Please do not release this URL to students. Also, DO NOT put a link to
this page on ANY other web page. If you do, search engines will be able
to find it. So far we've been able to make the page accessible to
teachers for several years without Google or Yahoo locating it. A
single link from a publically accessible web page will ruin this
security. I've had e-mails from students in Singapore who were clearly
aware of the title of the TUG-K, but could not locate it on the web.
Their teacher would be giving it to them as a test soon and the
students told me they wanted to "prepare."

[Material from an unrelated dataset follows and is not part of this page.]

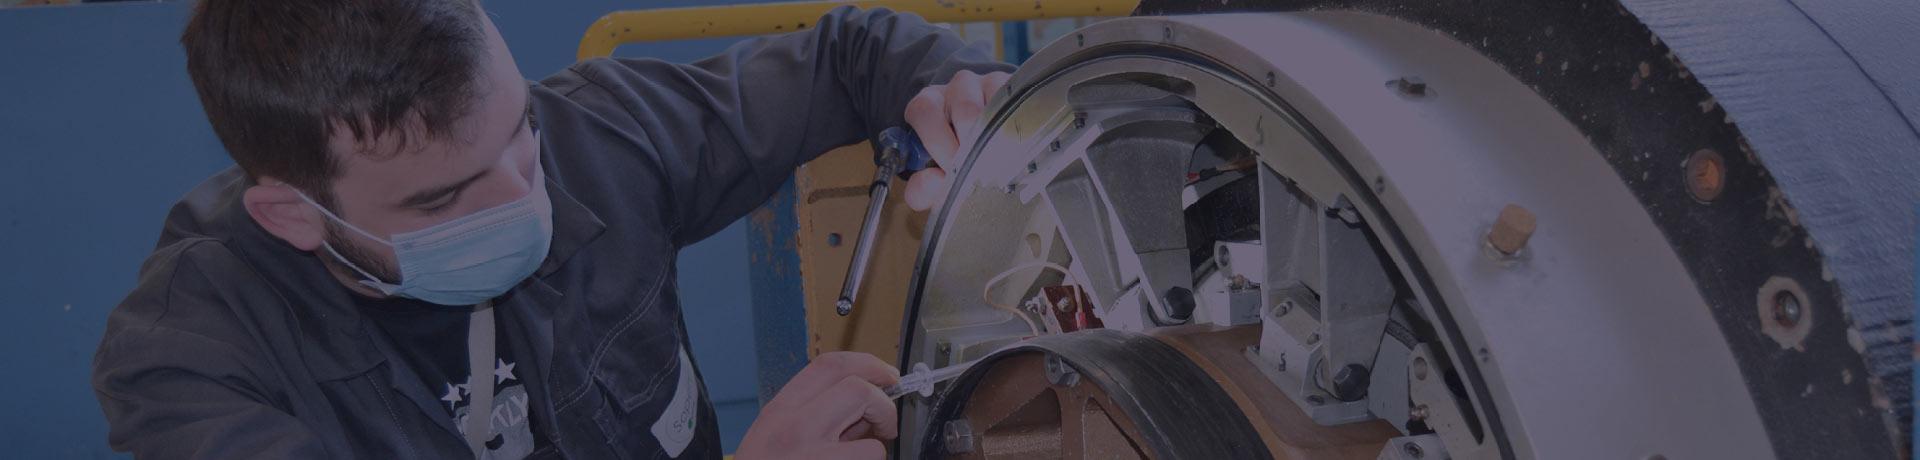 A man performs a maintenance operation on an equipment

Obviously, do not allow students to keep copies of any of these tests.
It takes years of development effort to create and validate a reliable
assessment instrument. If it is released to the public domain, students
will locate it and all that work will be for naught. In fact, you
might not want to use the formal name of the test on the versions you
have students take. None of these tests are to be incorporated into a
web-based question delivery system without adequate security to prevent
printing or other unauthorized access by students. Contact the authors
for more details.
------------------

Robert J. Beichner, Ph.D.
Alumni Distinguished Professor
North Carolina State University
Department of Physics
506D Cox Hall
Raleigh, NC 27695-8202
919-515-7226
http://www.ncsu.edu/PER


--
"Trust me. I have a lot of experience at this."